Sure, Rolex might provide more bang for the buck when compared to Urwerk, a pretty good $75,000 watch (sorry, I haven’t done my homework on surfactants in dish detergents). But that’s not the point. There are broad categories where companies have established MoBaBu leadership. Hyundai in automobiles for example—they may only be 95% as good as Toyota or Honda in fit, finish, and performance, but at a lower cost and with a lot more features. You definitely get more for your $.

Come to think of it, that’s what Consumer Reports “Recommended” rating is all about.

MoBaBu isn’t just a mishmash of cost and differentiation strategies.
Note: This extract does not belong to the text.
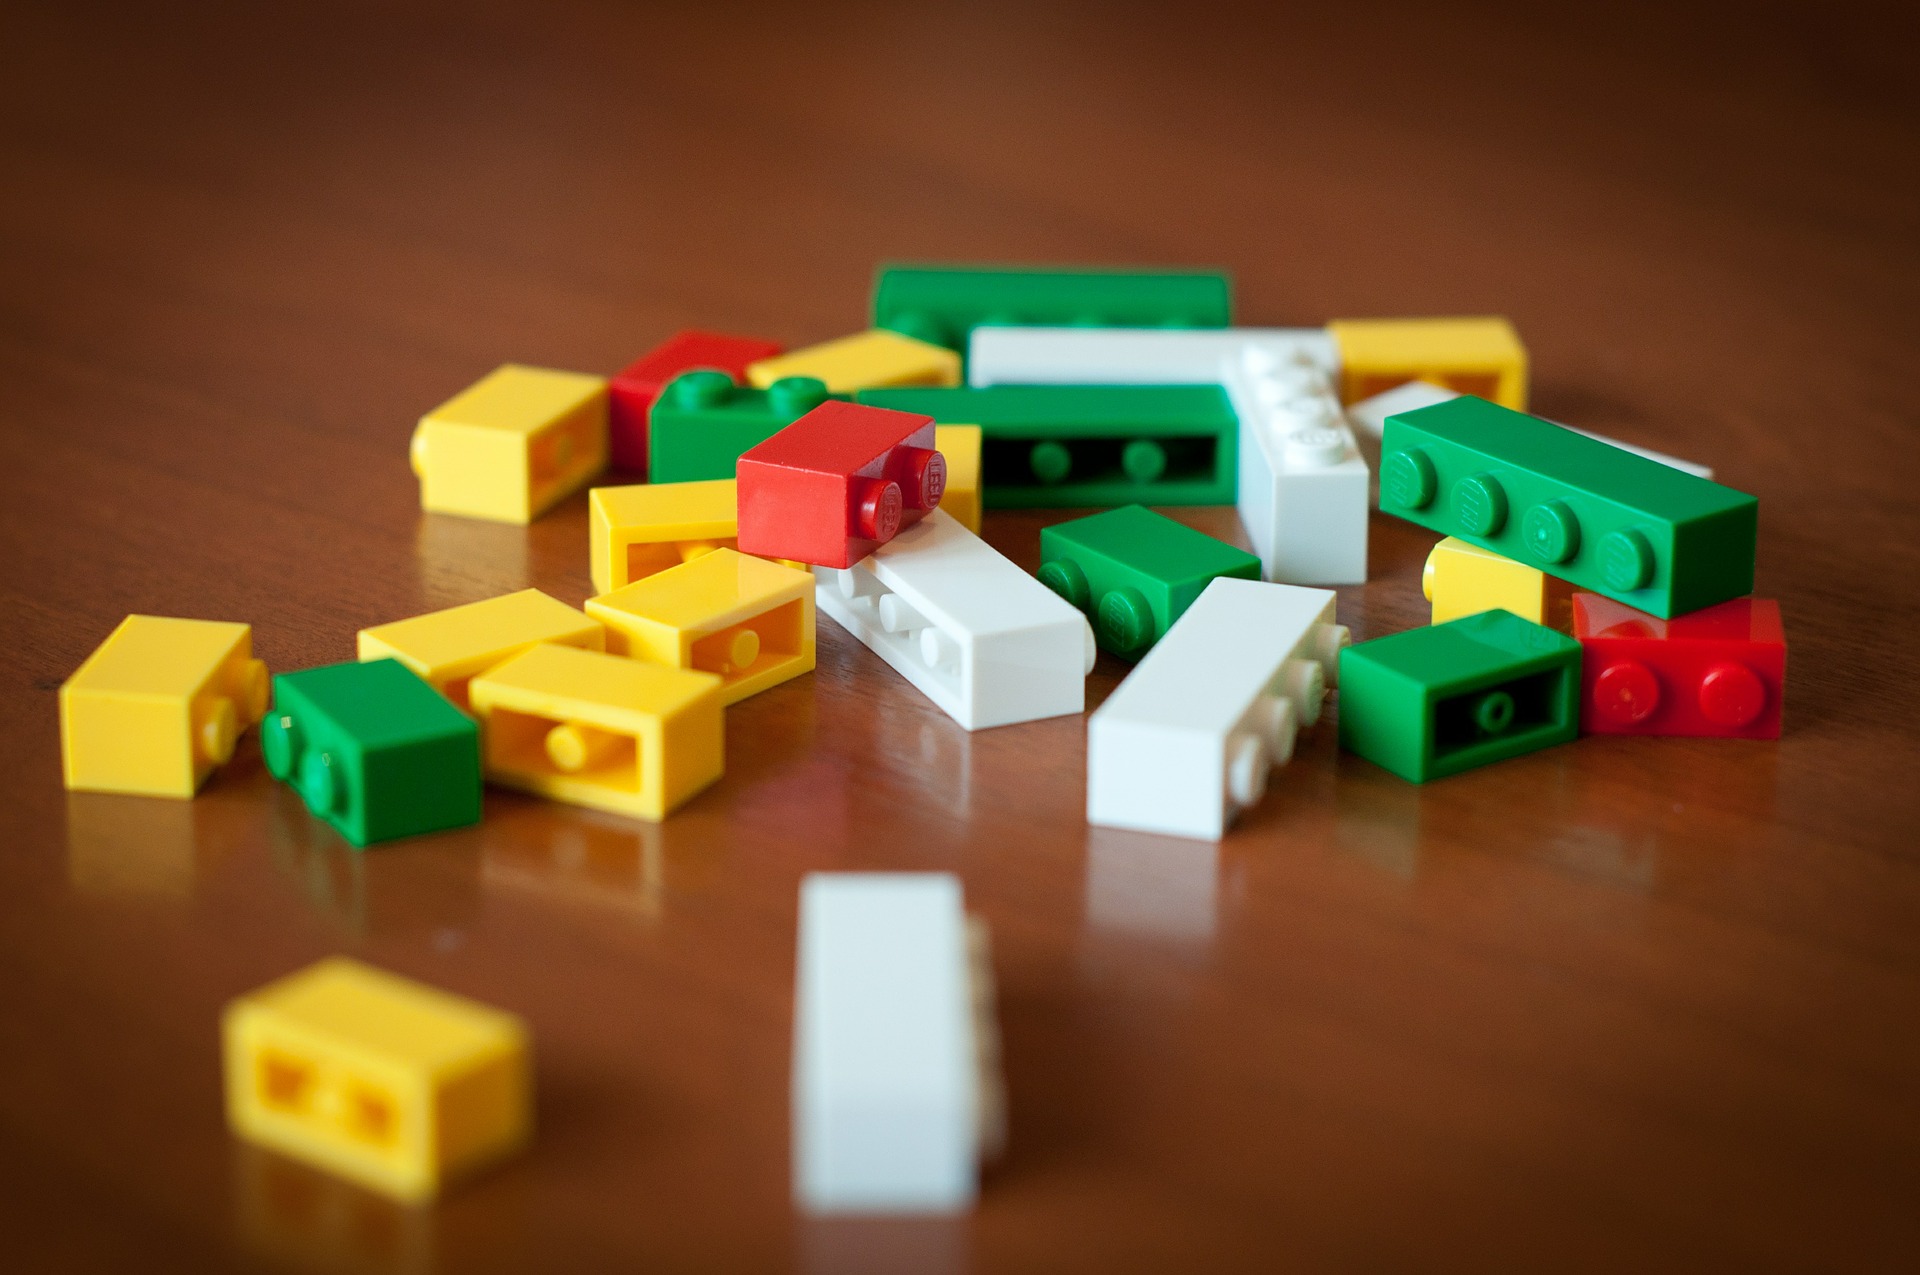 Lego pieces on the floor

It does require both elements, but most importantly MoBaBu requires customer insights, market foresight, and true leadership: a corporate culture of empowerment that creates and rewards engaged employees who communicate upward what they think the market can really benefit from.

MoBaBu shoppers are not on the cutting edge, but they sure can do simple value math, and retire comfortably because even though in their minds they never truly sacrifice, they still are thrifty. Marketers are well advised to engineer for this savvy subculture that has great spending power and is experiencing recession fatigue.

Is your organization structured to exploit this opportunity?